Des formes dites « pures » (ancienne anarthrie pure de Pierre Marie), c'est-à-dire sans autres symptômes que les troubles de l'articulation, existent lorsque l'aire de Broca n'est pas impliquée en totalité. Le siège lésionnel peut se situer à différents étages du réseau assurant la commande motrice de l'appareil buccophonatoire, soit cortical, dans la région operculaire médiane gauche, soit sous-cortical, entre cette région et la région lenticulaire[1].

Dans sa forme chronique, elle peut aussi être la seule manifestation d'un syndrome neuro-dégénératif rare, nommé anarthrie primaire progressive (AnPP)[3],[4],[5].

Histoire

C'est en 1906 que Pierre Marie introduit la notion d'anarthrie qu'il distingue de l'aphasie déclenchant une vive polémique dans le monde de la neurologie. Les limites du savoir de l'époque et la personnalité des acteurs entretint un débat sur la réalité de ce symptôme et l'unicité de son origine qui dura jusqu'à l'approche de sa disparition en 1940 lorsqu'il déclara à Alajouanine qu'il n'avait pas une vision claire de cette affection[6].
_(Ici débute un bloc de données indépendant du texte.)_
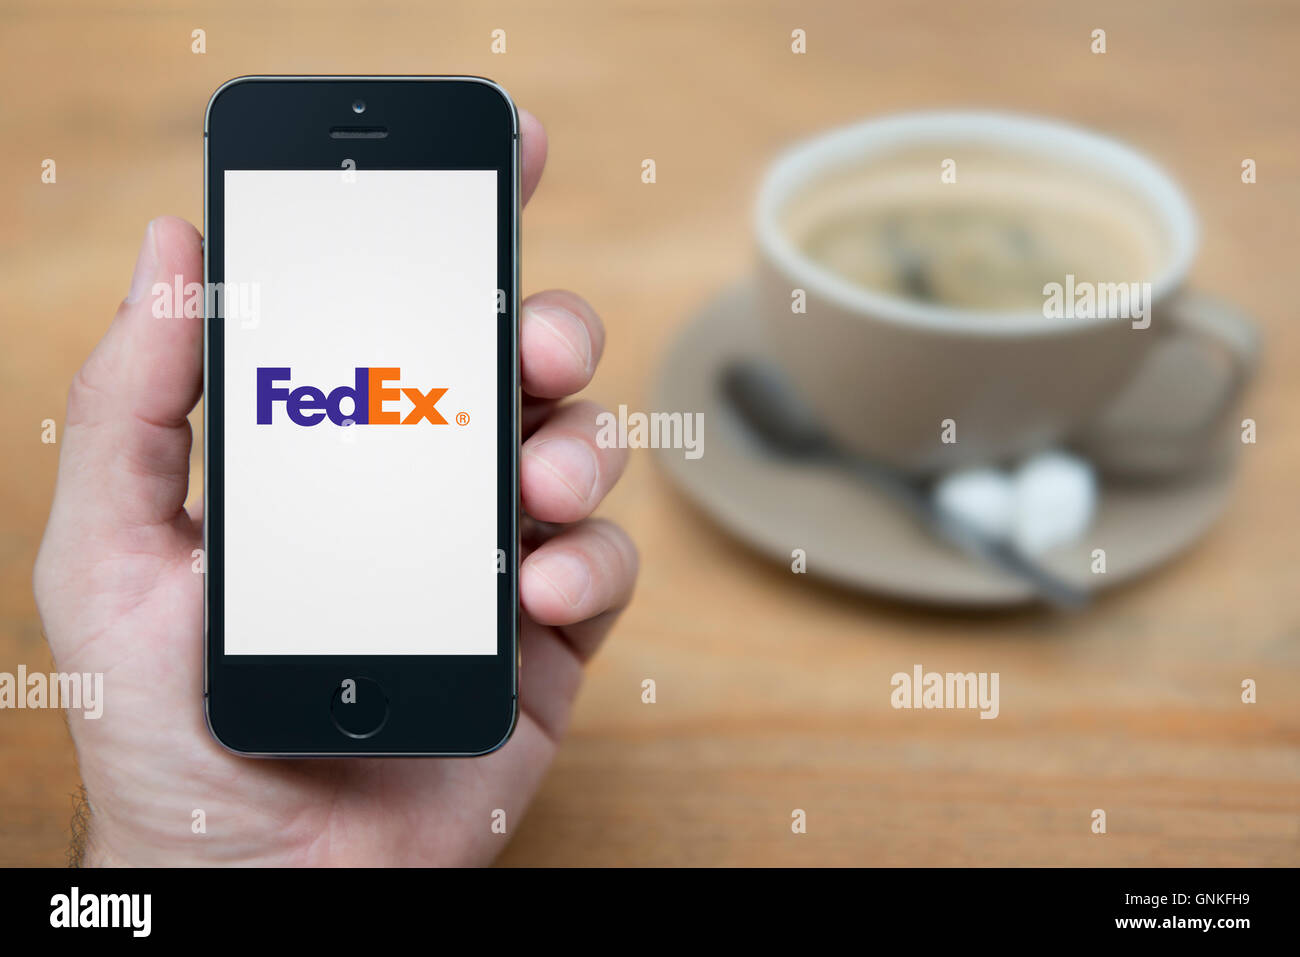 Un uomo guarda al suo iPhone che visualizza il logo FedEx, mentre sat con una tazza di caffè (solo uso editoriale). Foto Stock

Environ 120 ans plus tard, en 2025, des chercheurs de l'université Stanford (États-Unis) ont réussi à faire traduire en parole par une IA associée à une interface neuronale, en temps réel, des « phrases générales » émises sous forme de « pensées silencieuses » par le cerveau de patients paralysés …avec une précision de 74 % (étude publiées le 21 août dans la revue Cell). A ce stade, Erin Kunz (autrice principale de l'étude) rappelle que les patients doivent subir une implantation invasive ; et qu'ils ne peuvent pas encore tenir des conversations fluides en exploitant la parole intérieure formulée dans le cortex moteur. Elle tempère l'enthousiasme et les fantasmes que cette avancée pourrait susciter car le vocabulaire testé reste limité, et la précision est loin d'être parfaite pour conversation normale. Elle suggère de parler d'« une première preuve de concept ».

Ceci tend à confirmer qu'une personne paralysée pourrait bientôt pouvoir de communiquer via une interface neuronale, mais pose des questions éthiques et juridiques nouvelles, cruciales pour la vie privée, le consentement et la sécurité et santé mentale, car l'IA pourrait non seulement décoder directement la parole intérieure, mais aussi révéler des pensées intimes que l'on souhaite garder secrète (parfois lors des essais, l'IA a capté et traduit des signaux inattendus de type « parole intérieure privée de forme libre », même lors de tâches cognitives simples comme le comptage (FL : si j'ai bien compris, 1) cela montre que l'IA peut interpréter des pensées abstraites, comme lors du comptage silencieux, ce qui est déjà une avancée majeure pour le décodage de la parole intérieure ; 2) le comptage sert ici de tâche contrôlée, permettant de tester si le système peut détecter une séquence logique dans le discours intérieur ; ex. : le « décodeur neuronal » et l'IA ont pu « voir » que les nombres décodés augmentent au fil du temps, suggérant que les participants comptaient réellement dans leur tête, et que le système pouvait capter cette progression). …. et il a fallu créer un système de mot de passe mental pour protéger certaines pensées privées ne soient pas « transcrites » ou « lues » par l'IA de manière non-consentie). Selon les auteurs, un entraînement spécifique du décodeur/IA par le locuteur mental, fondé sur l'intention motrice, permet de préserver efficacement la vie privée mentale tout en assurant un décodage fidèle.